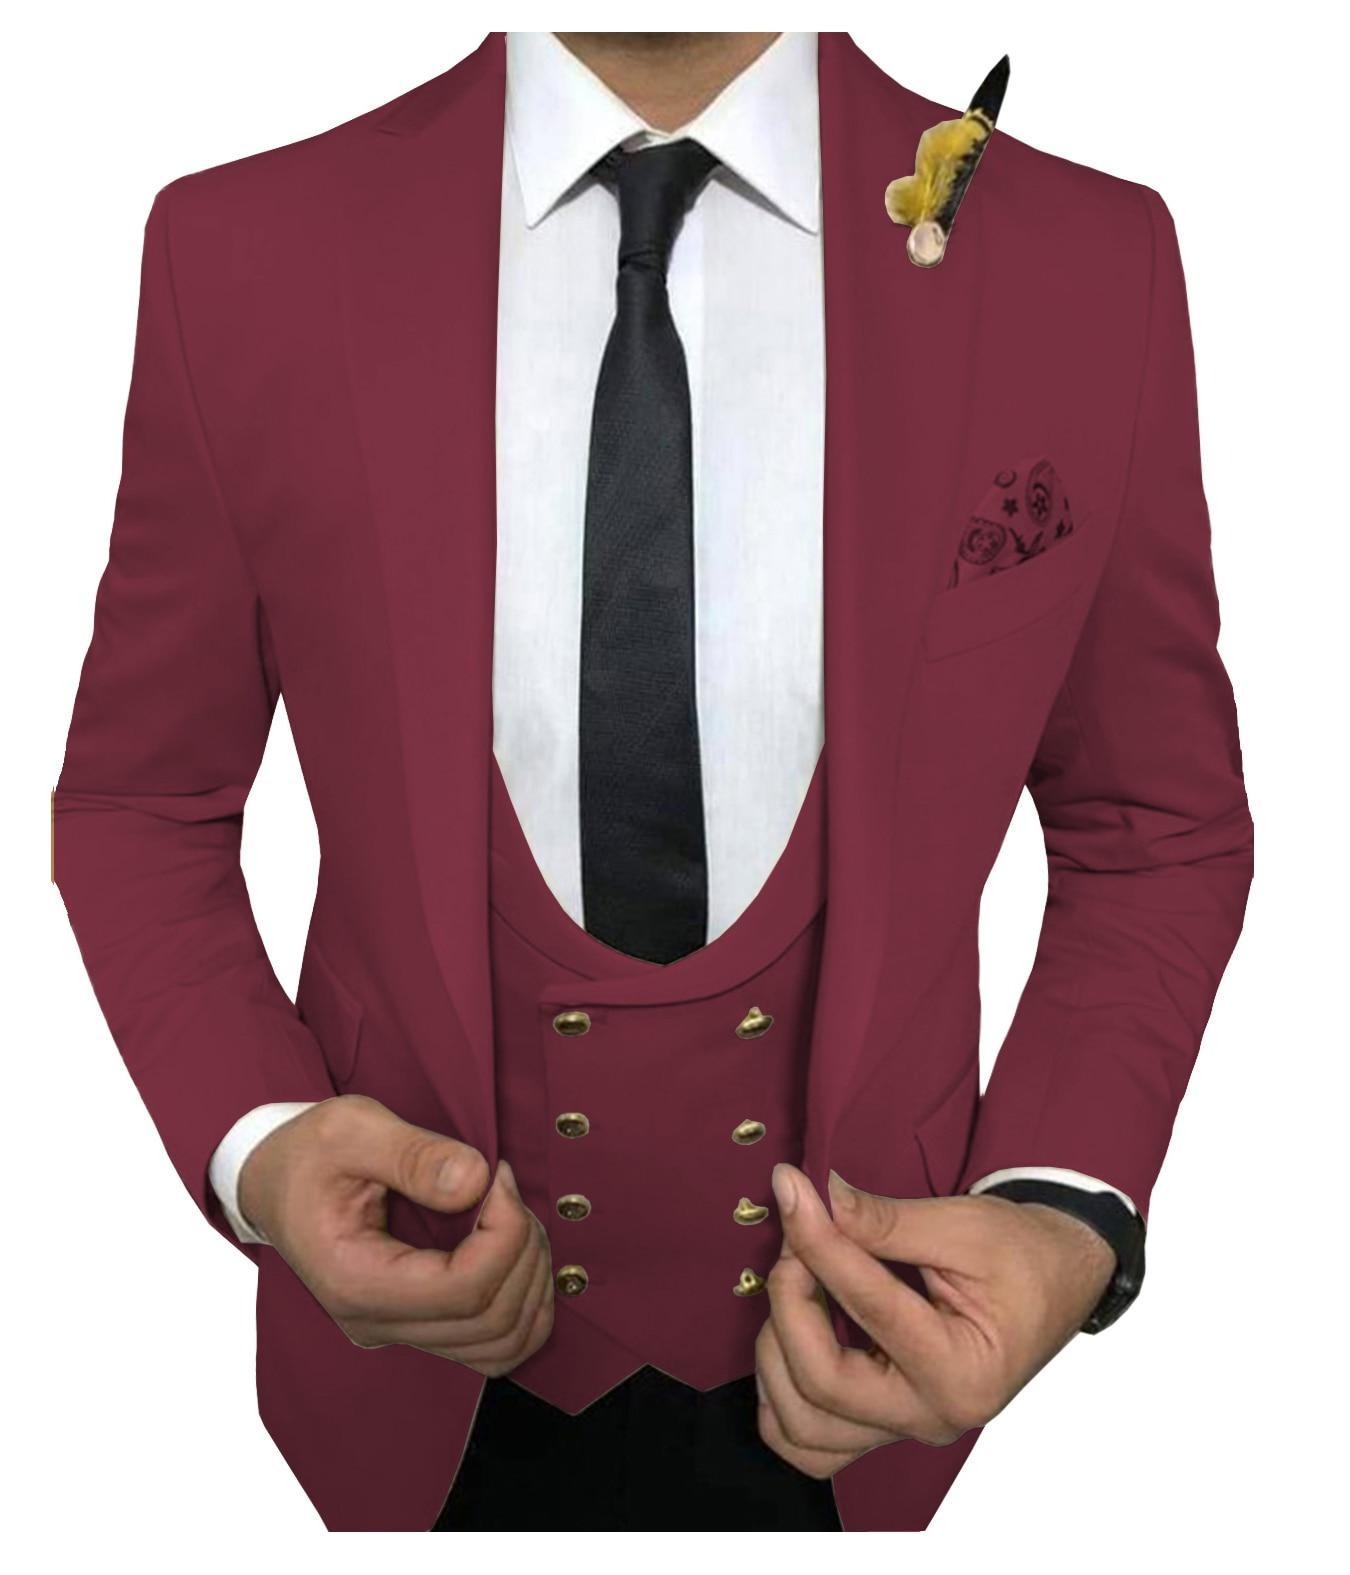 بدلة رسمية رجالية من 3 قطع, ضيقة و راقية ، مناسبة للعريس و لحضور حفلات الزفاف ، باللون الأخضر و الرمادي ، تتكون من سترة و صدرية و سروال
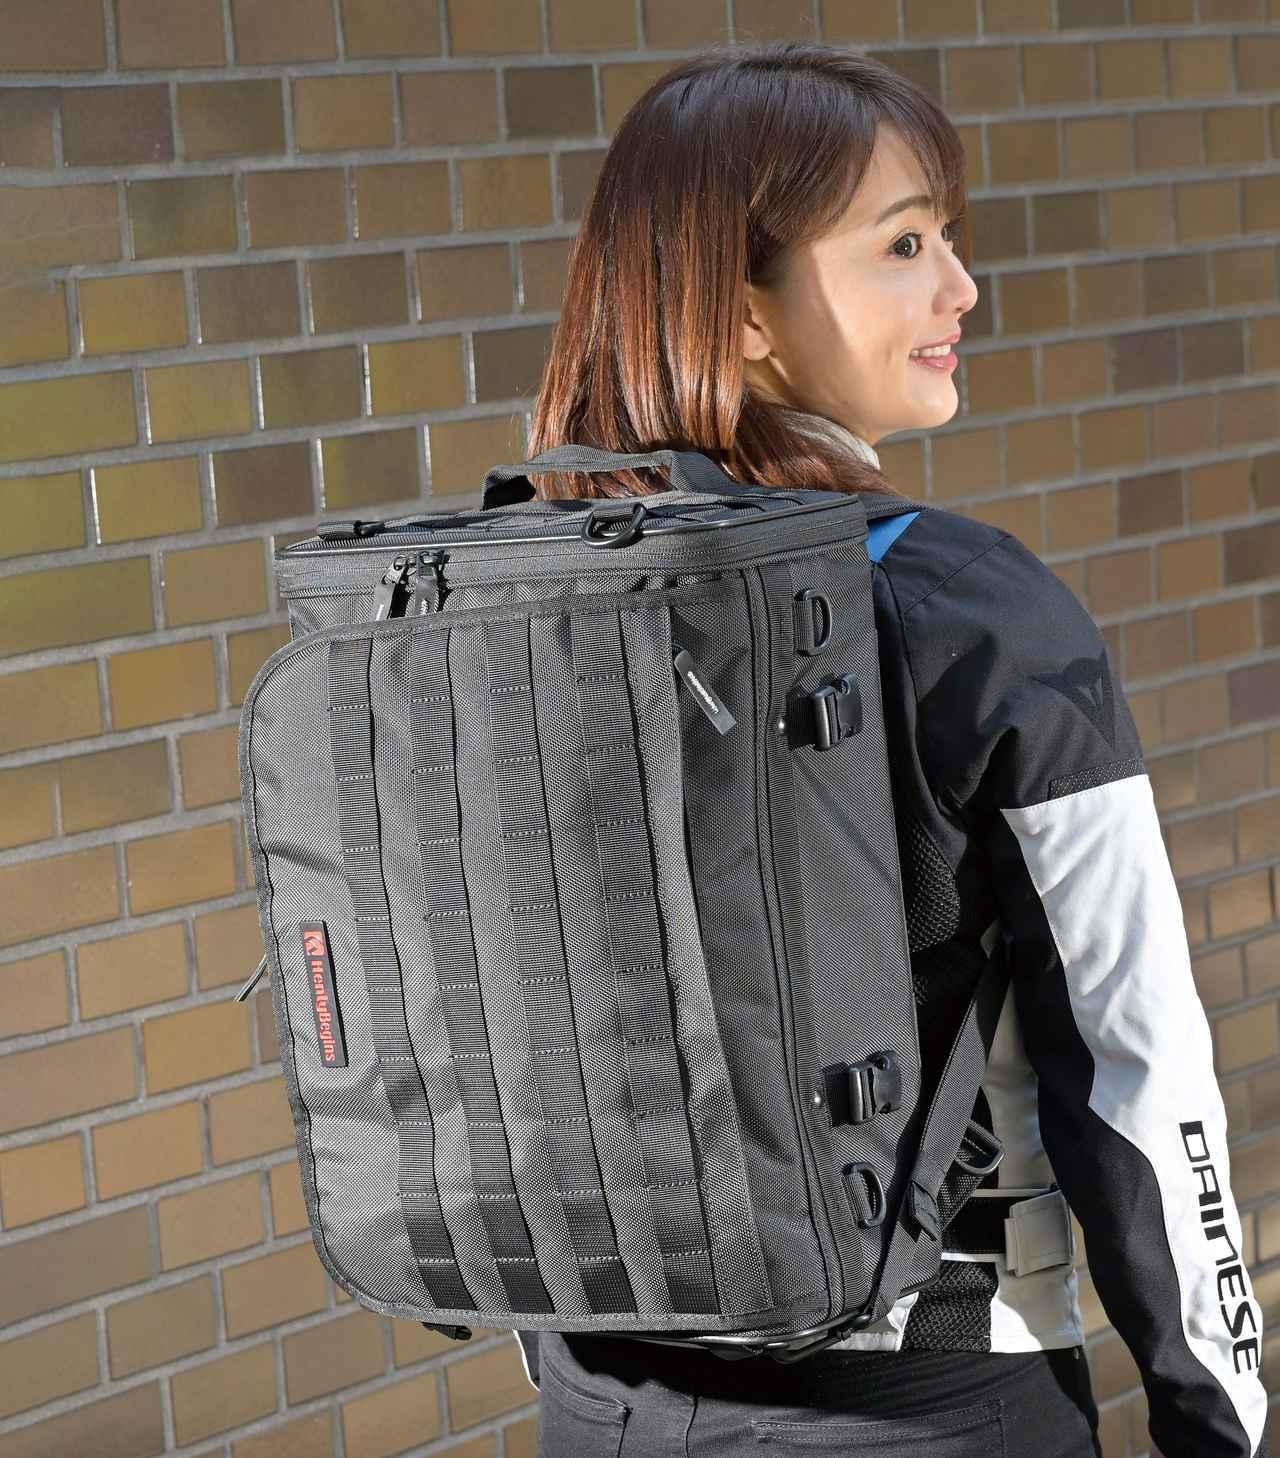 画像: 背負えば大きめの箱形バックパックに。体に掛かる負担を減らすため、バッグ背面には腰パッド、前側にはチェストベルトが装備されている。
* * *
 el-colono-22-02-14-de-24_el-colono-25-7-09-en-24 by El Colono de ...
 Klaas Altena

### [Instructions to follow]
Using the entries above, transcribe every line from the line containing "بدلة رسمية رجالية" through the line containing "画像: 背負えば大きめの箱形". Do not copy pictures.

### [Answer to the problem]
 بدلة رسمية رجالية من 3 قطع, ضيقة و راقية ، مناسبة للعريس و لحضور حفلات الزفاف ، باللون الأخضر و الرمادي ، تتكون من سترة و صدرية و سروال
 画像: 背負えば大きめの箱形バックパックに。体に掛かる負担を減らすため、バッグ背面には腰パッド、前側にはチェストベルトが装備されている。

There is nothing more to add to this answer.